[Tutor] Newbie & Unittest ...
Damon Timm
damontimm at gmail.com
Thu May 6 17:40:05 CEST 2010
Hi Vincent - Thanks for your input.
Where would I put that string ? In the function's doctsring ? Or
just as a print method ?
I have been looking online some more and it appears there may be a way
to create some sort of generator ... it's still a little confusing to
me, though. I was hoping there was an easier way. I can't imagine I
am the first person with this task to accomplish ...
Thanks,
Damon
On Thu, May 6, 2010 at 9:46 AM, Vincent Davis <vincent at vincentdavis.net> wrote:
> By they way you shouldn't need to use str(file) as I did. Unlessit is
> not a string already.
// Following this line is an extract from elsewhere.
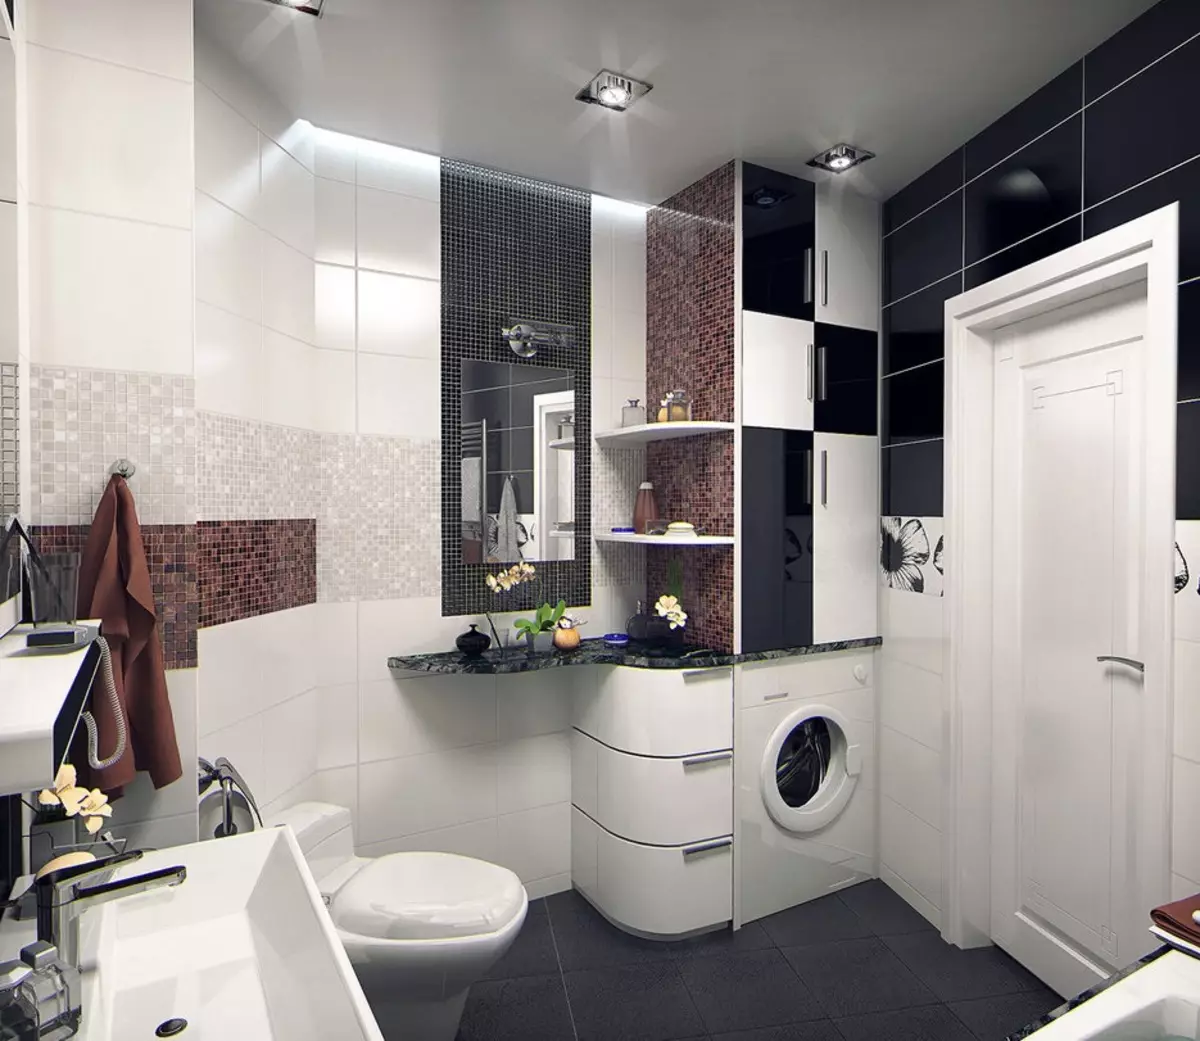 Yhdistetyn kylpyhuoneen suunnittelu 6 neliömetriä. M (77 Valokuvat): Sisustussuunnittelu WC: llä, kylpyasmulla 2 3 metriä 10454_57

Bad habit. I am used to numbers
> vincet
>
> On Thursday, May 6, 2010, Vincent Davis <vincent at vincentdavis.net> wrote:
>> I can't think of a way to do what you ask, without defining a test for each. ButI think what you might actually want is the define the error message to report which one failed. ie, it's one test with a meaningful error message.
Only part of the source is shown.